Ugo Ehiogu’s death leaves Chelsea’s Antonio Conte pondering own mortality

• Conte expects Ehiogu’s passing to overshadow FA Cup semi-final with Spurs
• ‘Sometimes you think you should live the life more and not be angry’

Antonio Conte has admitted that the sudden death of the Tottenham Under-23 coach and former England international defender Ugo Ehiogu will overshadow the build-up to Chelsea’s FA Cup semi-final against Tottenham, the team with whom they are also vying for the Premier League title.

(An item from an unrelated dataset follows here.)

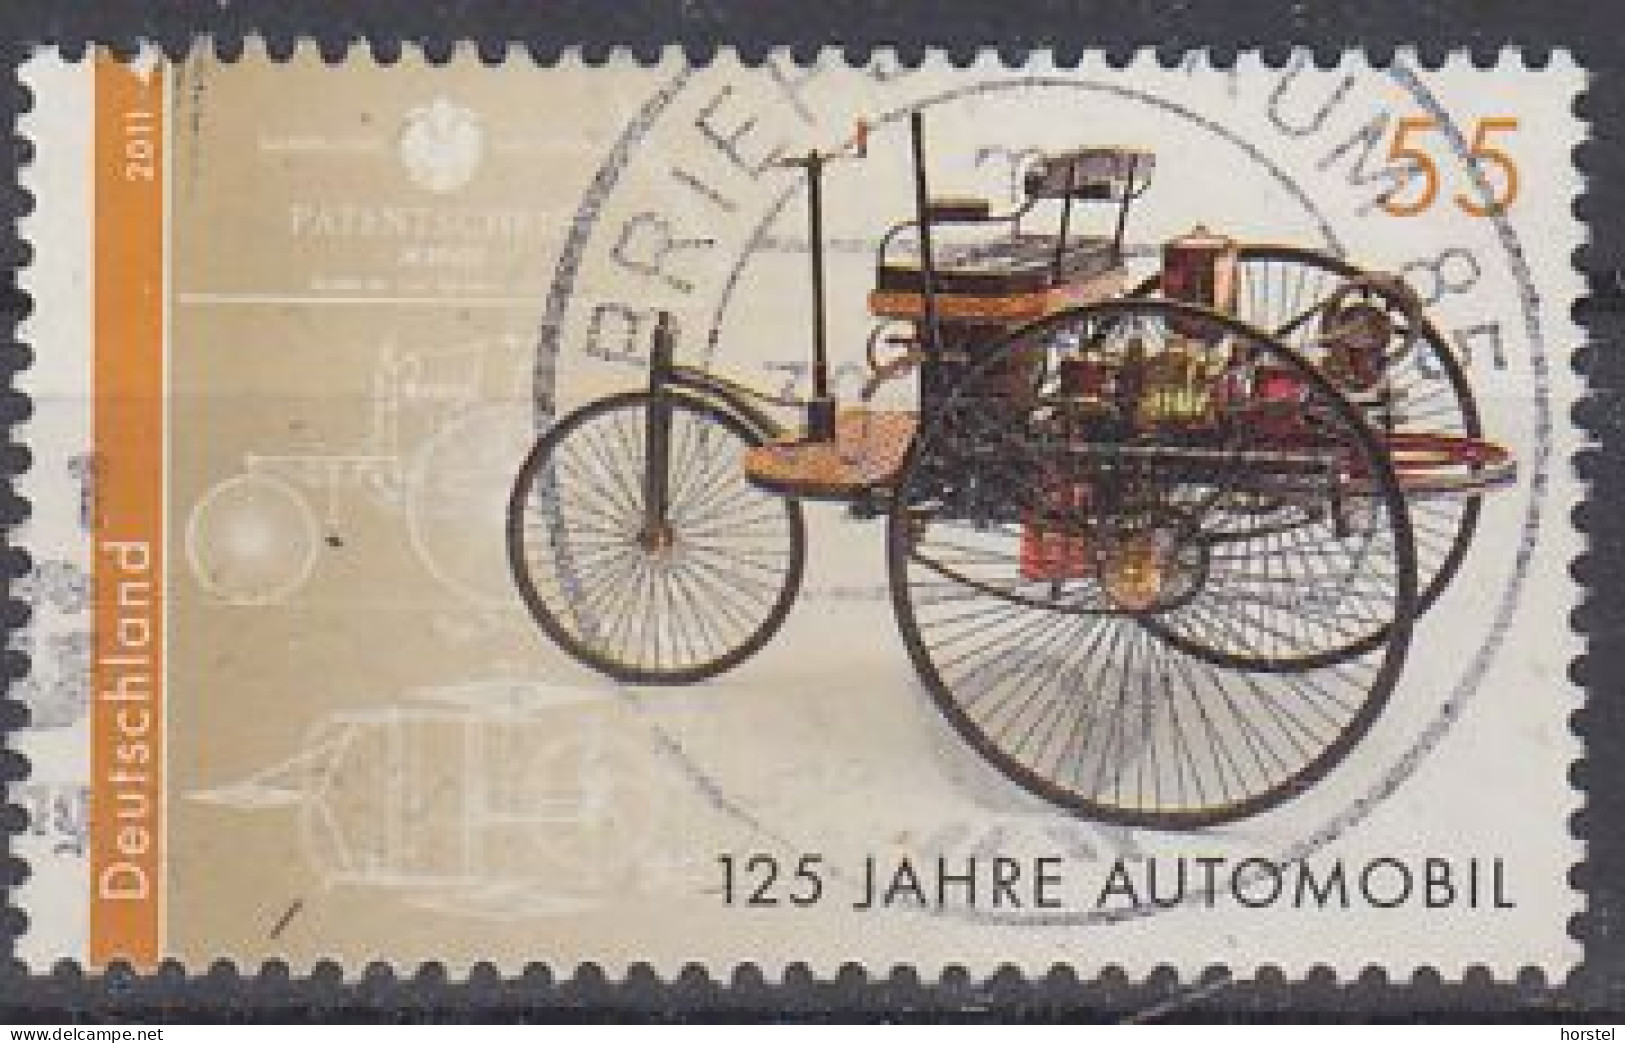 Deutschland Mi 2867  125 Jahre Automobil - Benz Patent-Motorwagen - Usati
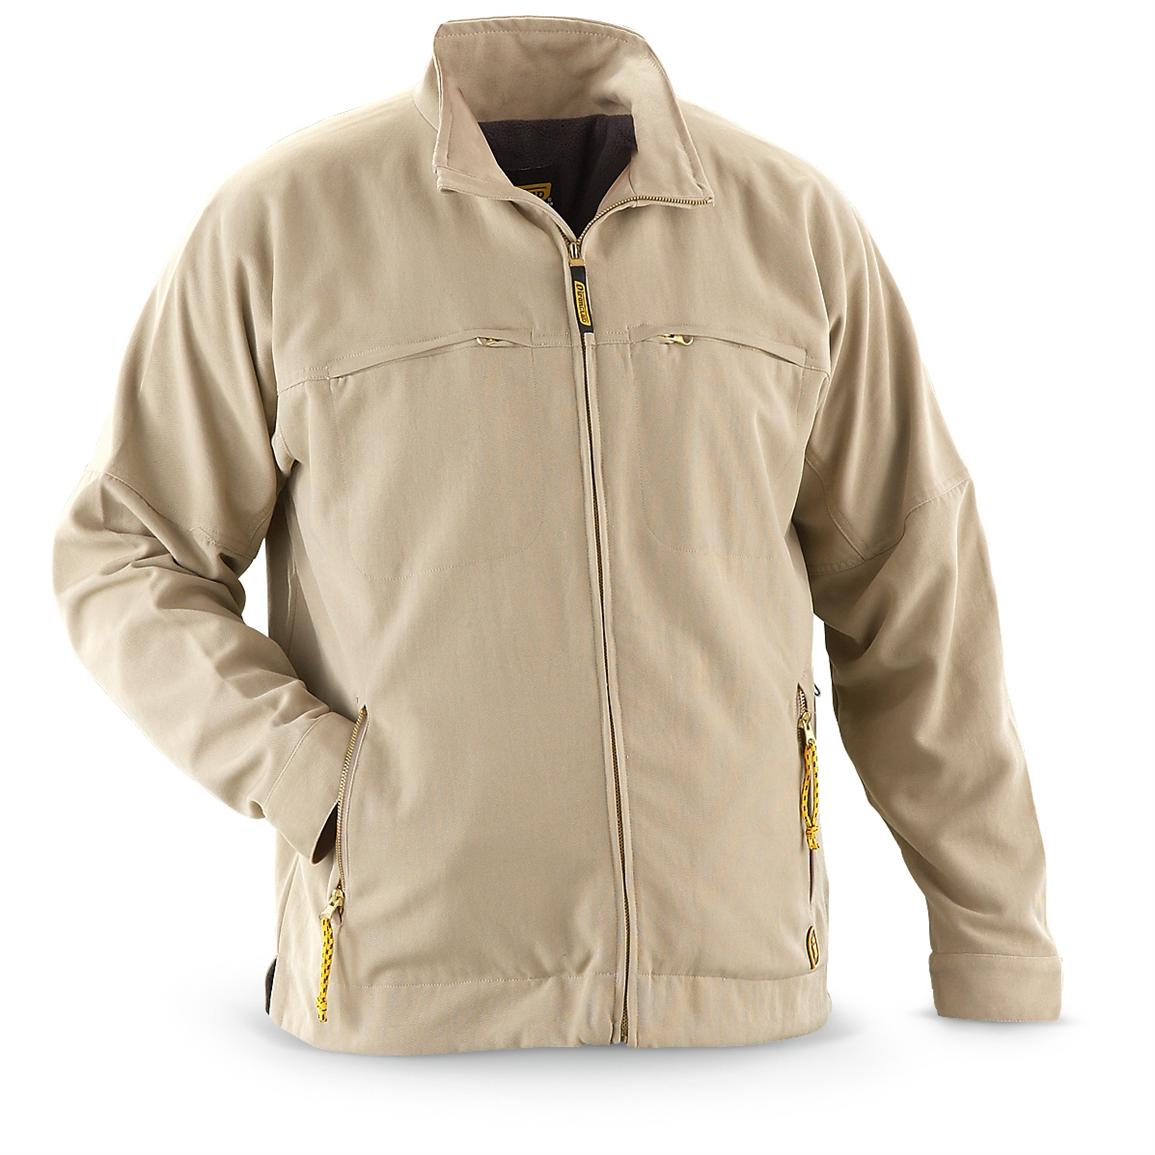 Ironclad® Work Jacket, Khaki - 215938, Insulated Jackets & Coats at ...

The Chelsea manager said he expected there to be “a strange atmosphere” as Ehiogu is remembered before kick-off at Wembley, and that the news has forced him to consider his own mortality. Ehiogu, at 44, was three years younger than the Italian. “It is a shock, for sure,” he said. “When this type of situation happens I am a 47-year-old, a former player, and a coach. You think – for sure, this could happen to me. You think about this, and you hope that this situation never happens to someone. But when it happens, you reflect a lot about life. And sometimes you think [you should] live the life more, and not sometimes be angry for stupid problems. Because you don’t know if the day after you’ll be here, or another place.”

Conte has also been dealing with the impact of two losses in the last four Chelsea games, in which time Spurs have trimmed their lead at the top of the Premier League table from a comfortable 10 points to a nervy four. Add to this an illness to Gary Cahill which will, at a crucial stage of the season, deny him the services of a defender who has been on the field for all but six minutes of the league campaign. “This situation is very clear for us,” he said. “We are in trouble.”

Cahill’s absence might have been considered an ideal opportunity to rehabilitate the club captain, John Terry, who has started three of Chelsea’s four FA Cup ties on their road to Wembley. Instead Conte revealed that he would put his trust in Nathan Aké, the 22-year-old Dutchman who is yet to make a league appearance since returning from a loan spell at Bournemouth in January.

“Aké has been showing me in all this period, always a great commitment. He worked very hard, his behaviour was fantastic,” Conte said. “And don’t forget that Aké was playing every game with Bournemouth, and he wanted to come and try to help us fight for the title. I think he’s a good player, he deserves this opportunity and I trust him. I have no problem to take this decision.”

Chelsea follow the semi-final with a league game at home to Southampton on Tuesday and a visit to Everton the following Sunday, an eight-day period that may come to define their season, and Conte hinted he may as a result be unable to field his strongest side at Wembley. “I think the FA Cup is a great competition. There is a great tradition in this competition and we want to respect this,” he said. “But I think also when there is a clash with a game you have to play in the league this situation is very clear for us, we are in trouble to face this situation. I have to take the best decision, to find the right balance.”

Rather than complain about the pressure, the injuries and the fixture congestion with which he is being forced to cope as the season reaches its decisive period, Conte said he and his players would be approaching it with relish. “We have to enjoy this moment, because this moment is great for everyone,” he said. “For me, in my first season, and for my players because they worked a lot to arrive at this point. I think we have to enjoy this moment, to help each other, and to live with joy because if we think of where we started this season, I think every one of us would have signed up to have the situation we face now.”

Conte dismissed Mauricio Pochettino’s suggestion that Chelsea’s gilded recent history and current league leadership make them heavy favourites for the game as an excuse. “They are top of the league and then there is the experienced players and the manager that they have,” the Spurs manager had said. “We are talking about a team that, in the last five years, has won European competitions, World Cups, and a manager who won the title in Italy. They’re more experienced.”

Conte, however, contended that his side are underdogs because he is still “building a foundation” as he approaches the conclusion to his first season in England. “I think that Tottenham must be considered at the top, because they are now a really great power in English football,” he said. “They have been working three years and I think it’s the right moment not to consider them underdogs and have this excuse. They are a great team and for the second year they are fighting for the title. Last year they missed this, this year they are trying again, and I think in the future they will fight every year for the title because they are full of strong players and they are building something important.”